Rasul Rza was born Rasul Ibrahim oglu Rzayev on May 19, 1910, in Goychay. He studied at the Transcaucasus Communist University, the Azerbaijan Scientific Research Institute and the Soviet Cinematography Institute. He was Chairman of Writers' Union of Azerbaijan in 1939, minister of Azerbaijani Cinematography (1945–48), chief editor of the Azerbaijani Soviet Encyclopedia (1966–75), and a member of the board of directors of the USSR Union of Writers (from 1964). From the start of his writing career, he adopted a shortened name Rasul Rza.

His first poem was called Bu gün (Today), published in Tbilisi. His serious, multidimensional writings began in the 1930s.
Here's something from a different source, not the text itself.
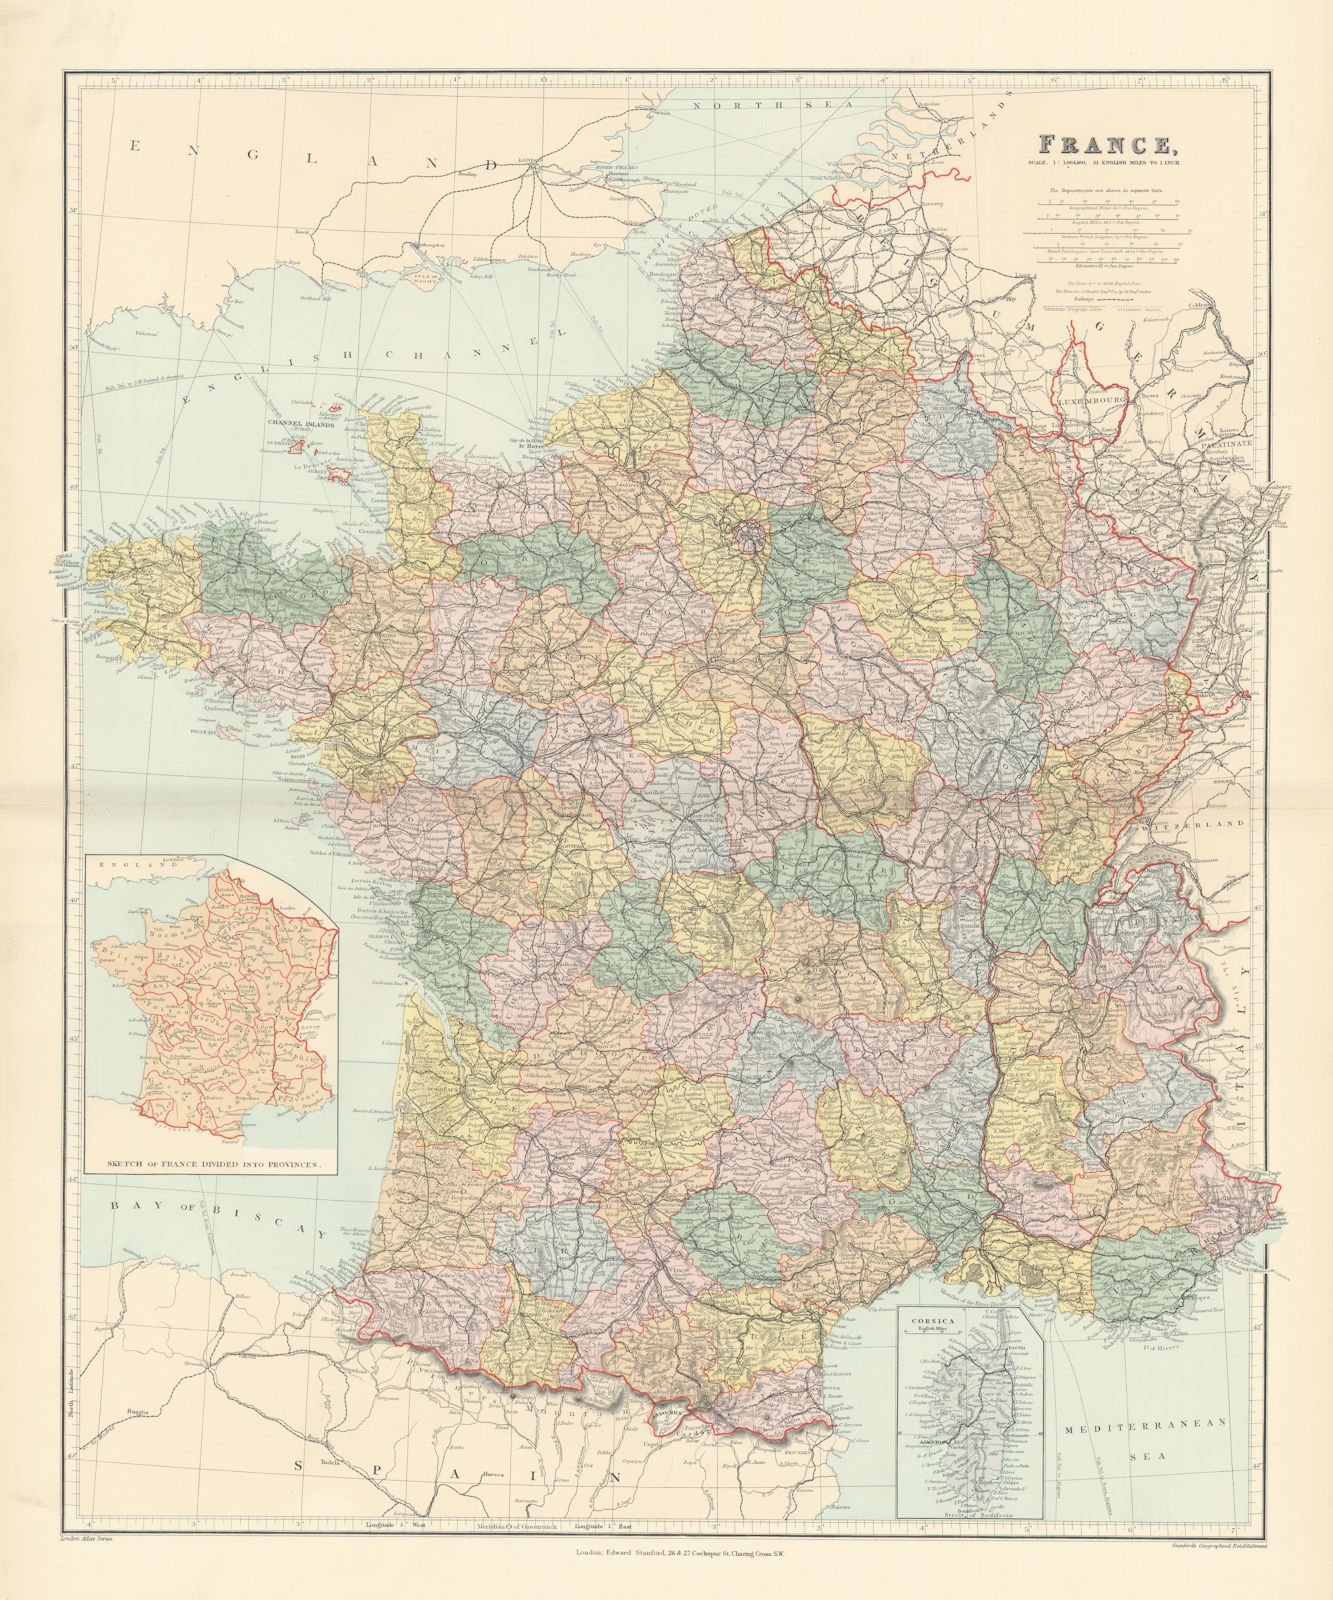 France in departements without Alsace Lorraine. Large 65x54cm. STANFORD 1896 map

During the Great Patriotic War, he published many novels calling for patriotic spirit. He also wrote a poem about Lenin. In the 1960s, he began writing in a more philosophical tone, relating his novels to intellectual themes, analytical thinking, philosophical approach to daily life, and so forth. The lyrical poems, dramas and prose works he wrote hinted at a sustained and subtle criticism of the Soviet regime, for which he was banned from writing for a period of time. Additionally, he began composing songs based on his poems.

He died in Baku on April 1, 1981, and was buried in Fakhri Khiyaban. A commemoration ceremony was held in his honor in Ankara in 2010.
The writers of Azerbaijan started a Rasul Rza Foundation and present awards to successful writers. It is chaired by Fikrat Goja.